Monday, October 12, 2015

MYTHTERIES WITHIN MYTHTERIES: AUTISM, GUNS, AND EVERTHING ELSE


Remember the good old days when "myths" were something that came from Ancient Greece or Scandanavia or nasty little folk tales about witches and wolves from the Brothers Grimm? Well nowadays the turn-around time between "established fact" which becomes "disproven myth" is less than the time between your grandfather's bathroom visits. Kids these days...grumble grumble grumble...

But I digress, so onwards. With every rash of gun massacres (welcome to America bitch!) comes a rash of articles about what to do about it (generally, nothing), whom to blame (the mentally ill who persist in such activities as opening firearm factories, manufacturing firearms, the sale and distribution of aforesaid firearms, buying off and/or intimidating congressmen in order to sell more firearms and generally flooding the nation with as many guns as possible because that's how we solve problems such as school massacres), and of course, defining mental illness.

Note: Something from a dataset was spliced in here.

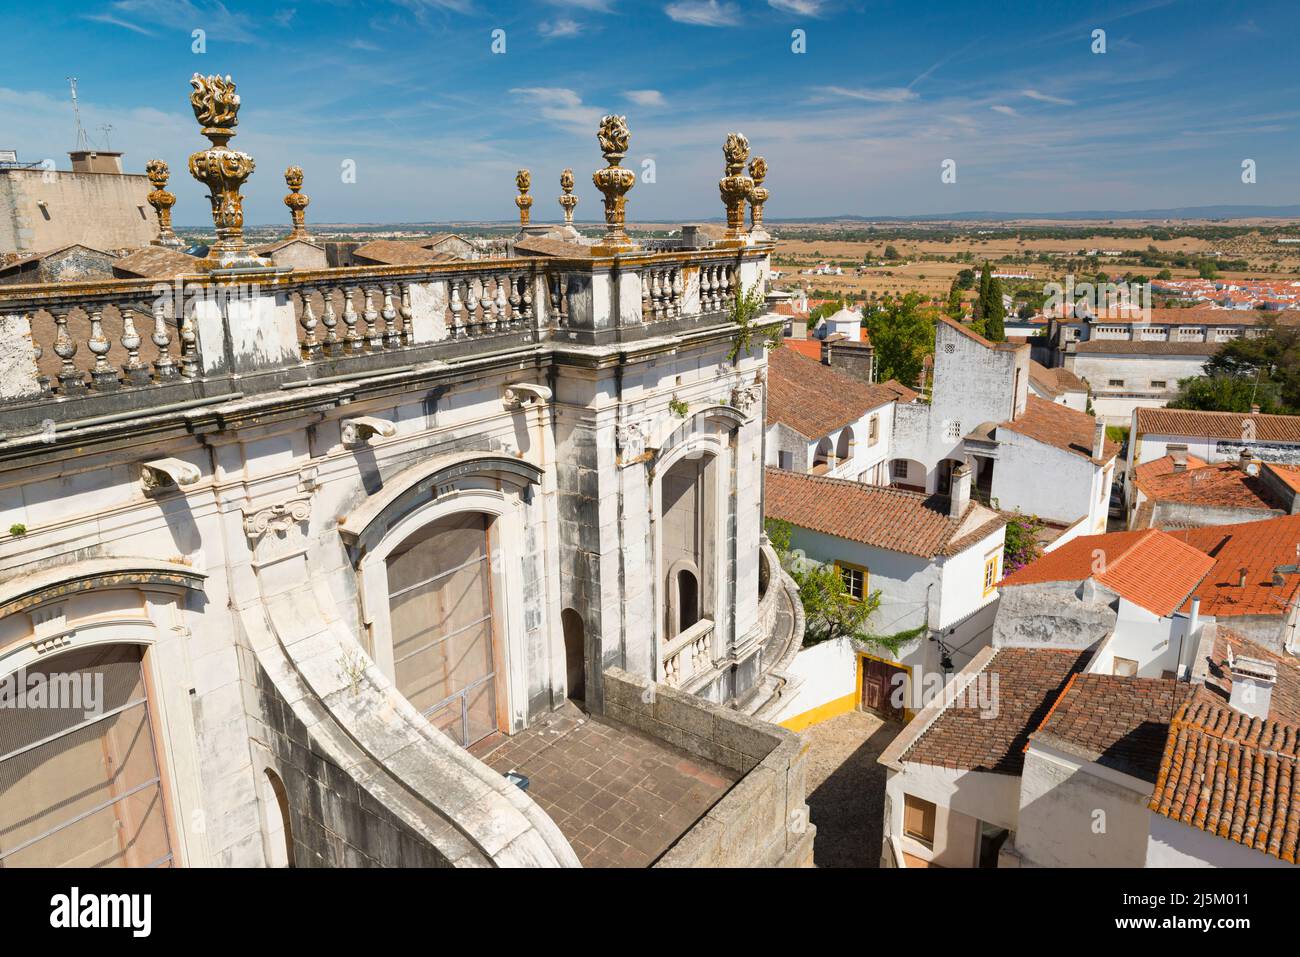 The roof / balcony of the Evora cathedral with a view on the city and surroundings of Evora. Portugal. Stock Photo

Which in the case of autism, appears to be just about anything.
Such prejudice arises in part from confusion about autism, which manifests in a multiplicity of symptoms, making generalizations difficult. Some people with autism cannot easily guess what other people are thinking, and therefore act without socially appropriate nuance. This perplexity is often conflated, unfairly, with lack of emotional empathy or even unkindness. Autistic people run the same gamut as other people: Some are kinder than others. Some find social interaction extremely taxing; others evince joy in trusted friends and family. Whatever anyone’s particular constellation of symptoms may be, however, autism is not associated with brutality. Failing to intuit certain aspects of other people’s inner experience does not equate to disdain for human life (Myth of the Autistic Shooter,http://www.nytimes.com/2015/10/12/opinion/the-myth-of-the-autistic-shooter.html).

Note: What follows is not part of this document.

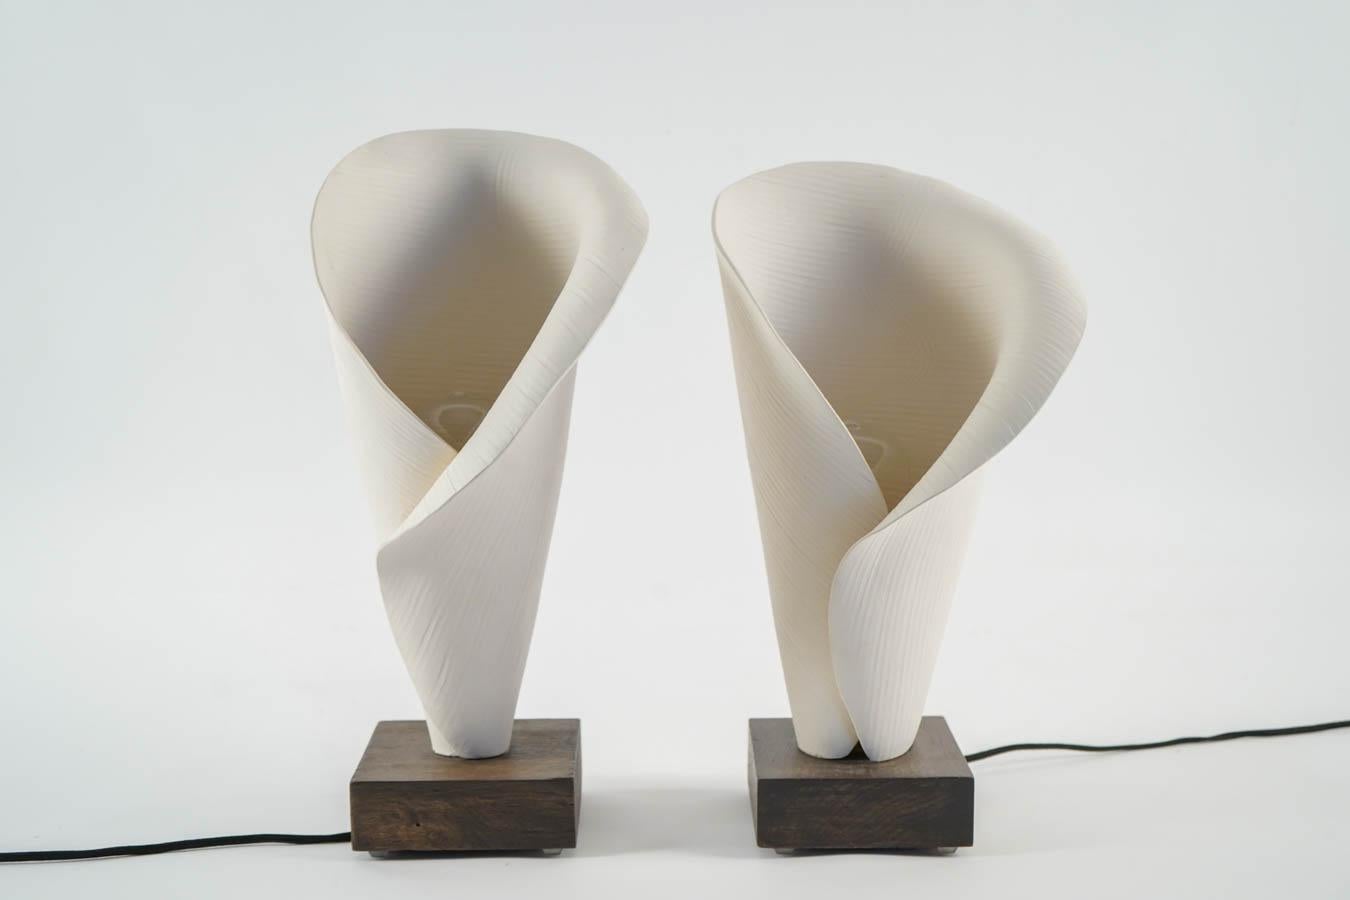 French Pair of Table Lamps, White Ceramic Lamp Made by Hand Mounted on Solid Oak

As someone with a background in social science (which could mean just about anything from digging up bits of pot shards to a Jungian veteranian), I've found this to be rather disturbing. What is, exactly, "autism"? Or is it simply that, as Aldous Huxley is supposed to have said, medicine has its own fads? I have to go with Huxley: Human nature being what it is, we all want to be cool and hip and down with the latest fashion. None of this, of course, has anything to do with firearm regulation: Expecting any human to have a reason to be angry, or sad, or happy, or unhappy, makes as much sense as expecting someone to have a reason to breathe or sleep or reproduce or feed of his little E. coli pals living in his small intestine: At some point someone will do something for no apparent whatsoever. The brain is just too complex to have one simple answer.
#nowyouknow

 How did autism become the latest fad disorder? - straightdope.com

Autism advocates and parents of kids with honest-to-God cases of the disorder may say: OK, maybe ASDs have been overdiagnosed. So what? There’s strength in numbers, and the publicity has certainly raised autism awareness. The answer to that is: yes, but at the cost of obscuring the actual condition.
On the one hand you’ve got people thinking Asperger's syndrome is the mark of a future tech genius and thus nothing to worry about; on the other hand, if there actually were an environmental cause of autism, with so many false positives being reported we’d never know. The biggest favor activists could do for the objects of their benevolence is to make people understand: here are the signs you’ve got an autism spectrum disorder, and, equally important, here are the signs you don’t.